**Task data:**
Start of Block
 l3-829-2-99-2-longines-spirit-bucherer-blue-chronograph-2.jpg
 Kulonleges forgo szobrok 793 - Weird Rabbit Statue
End of Block
Start of Block
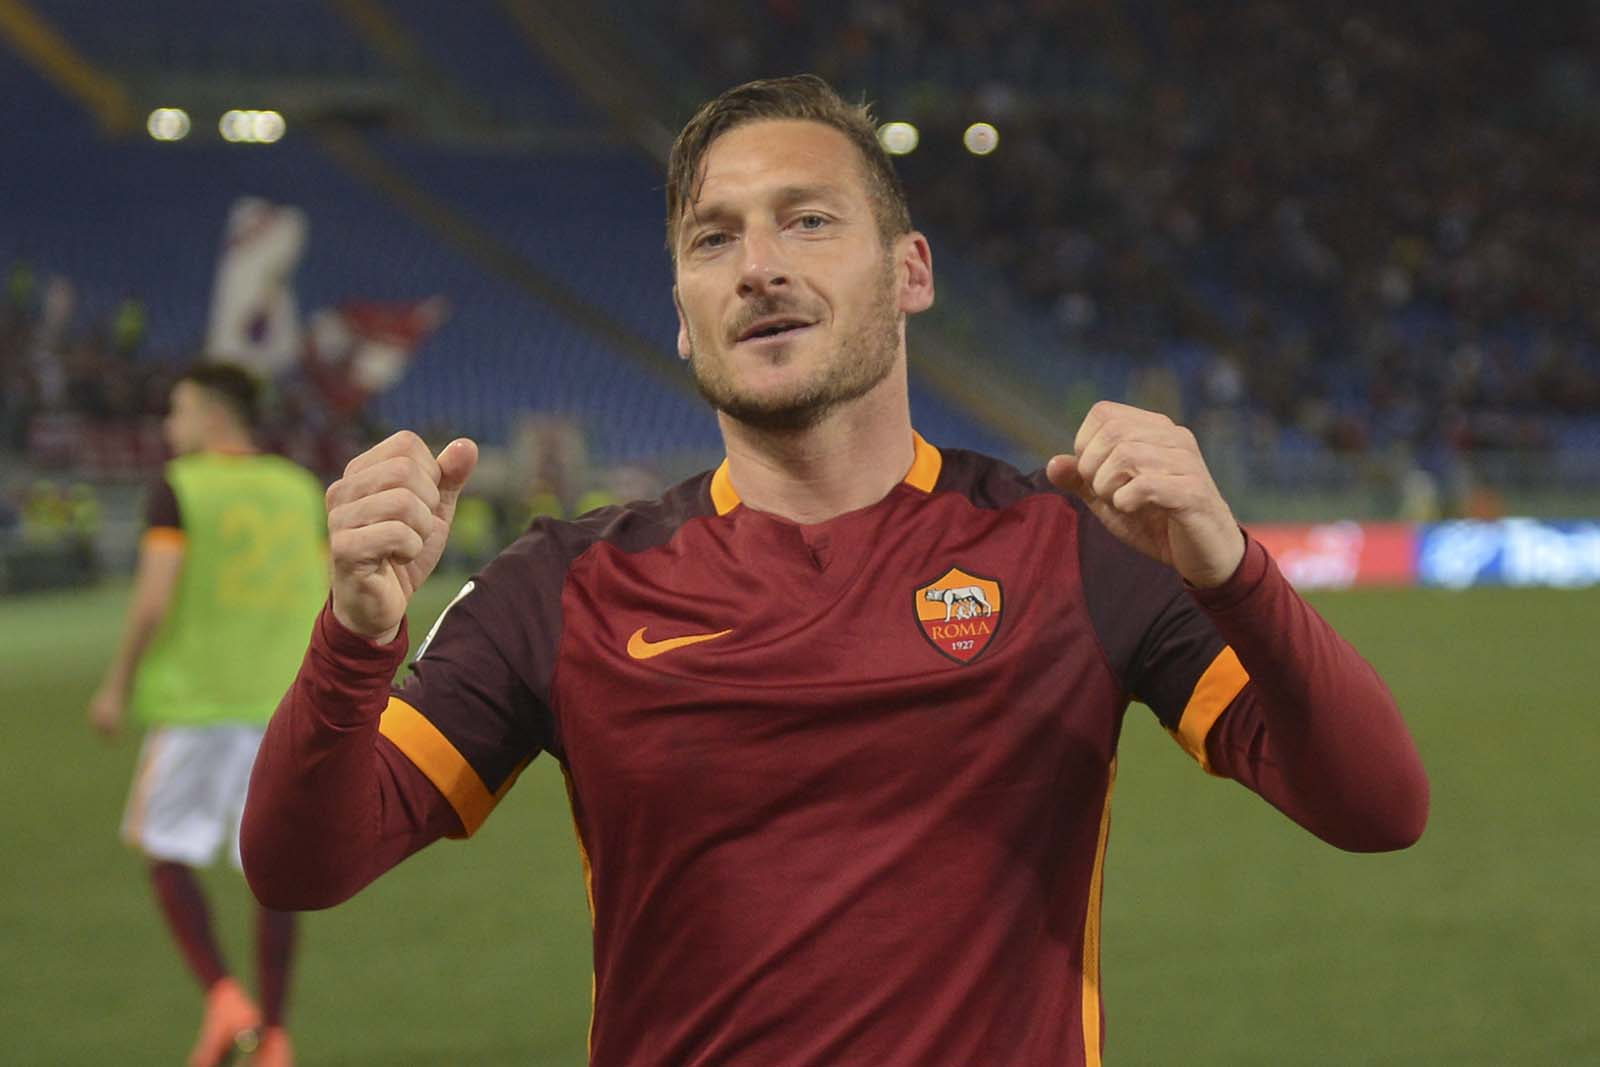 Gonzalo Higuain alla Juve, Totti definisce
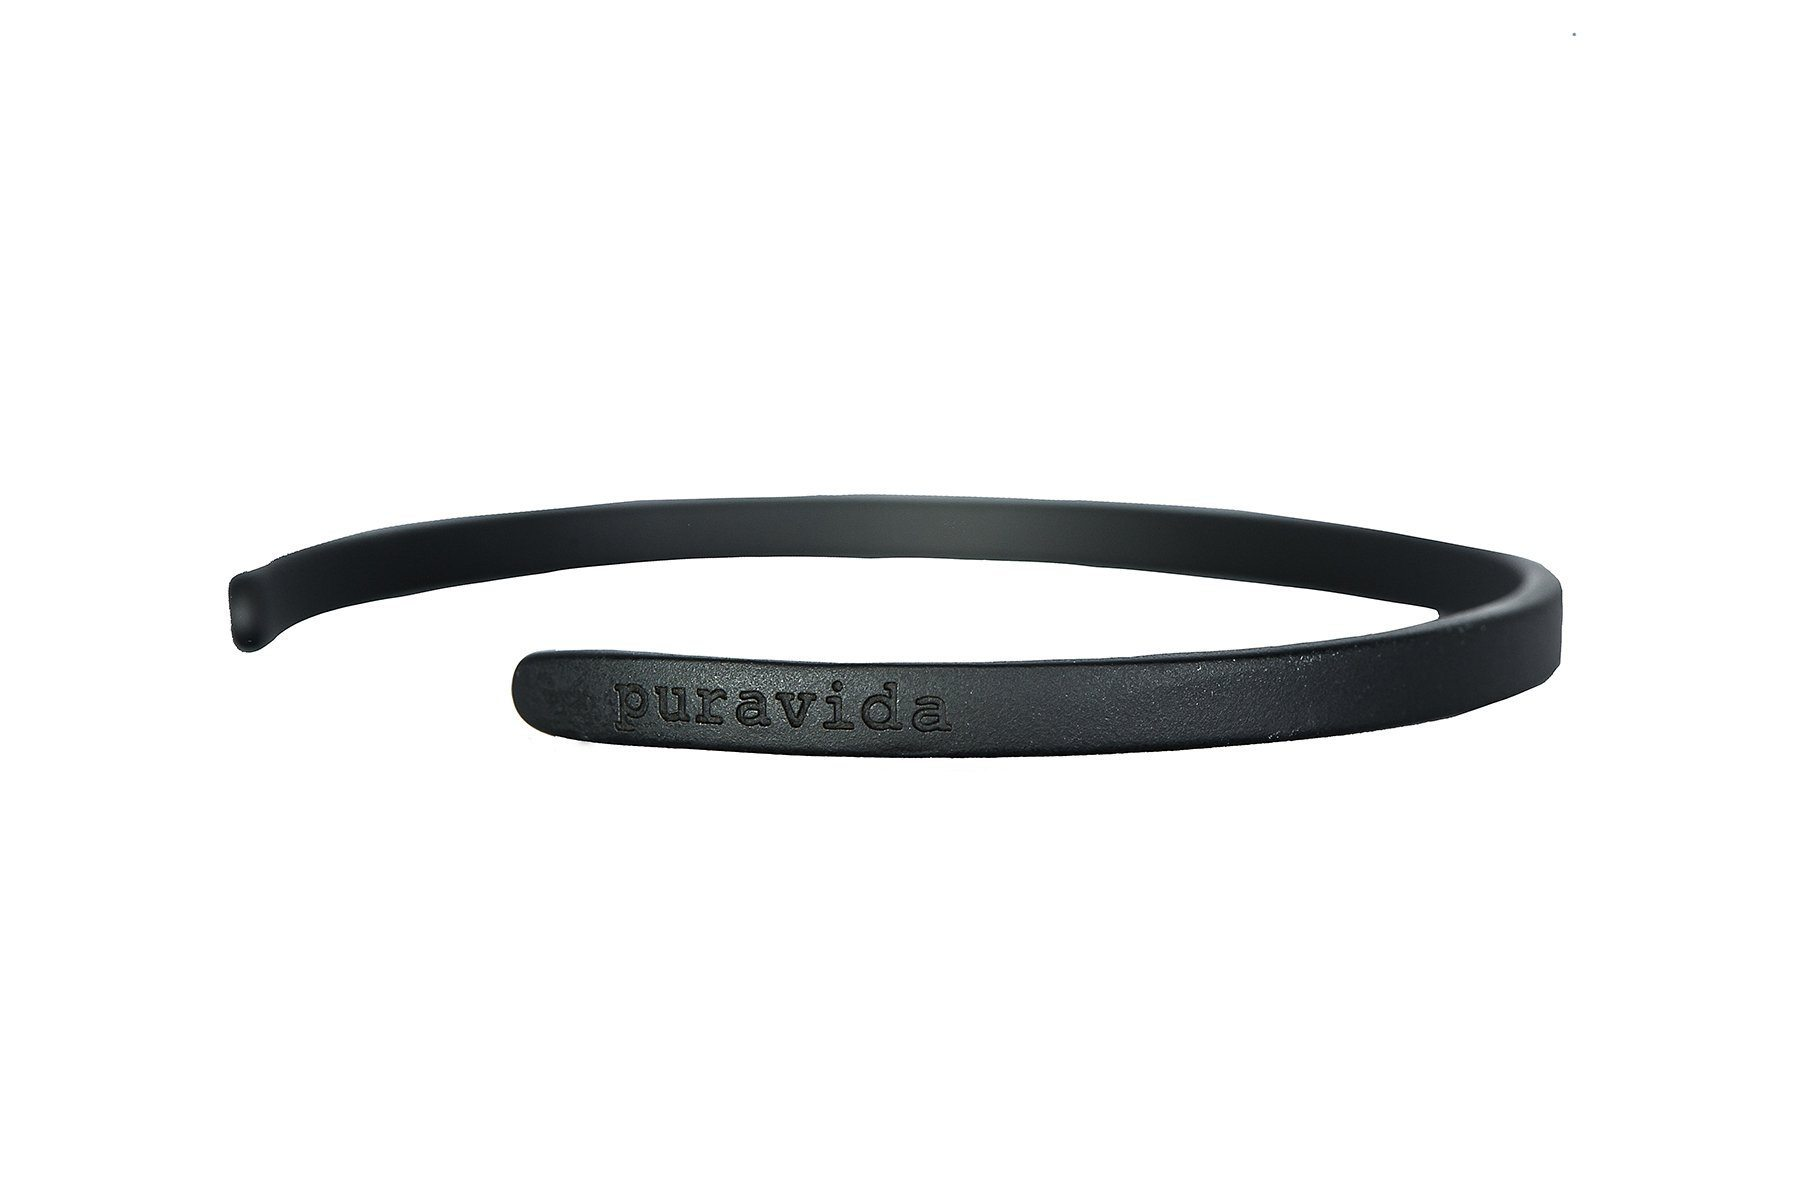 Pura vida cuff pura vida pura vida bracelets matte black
End of Block
**What the task asks:**
Beginning with the line that contains "Gonzalo Higuain alla Juve, Totti definisce", write out the lines of the material above exactly, and end with the line that contains "Pura vida cuff". Omit the pictures.

**Reply:**
 Gonzalo Higuain alla Juve, Totti definisce
 Pura vida cuff pura vida pura vida bracelets matte black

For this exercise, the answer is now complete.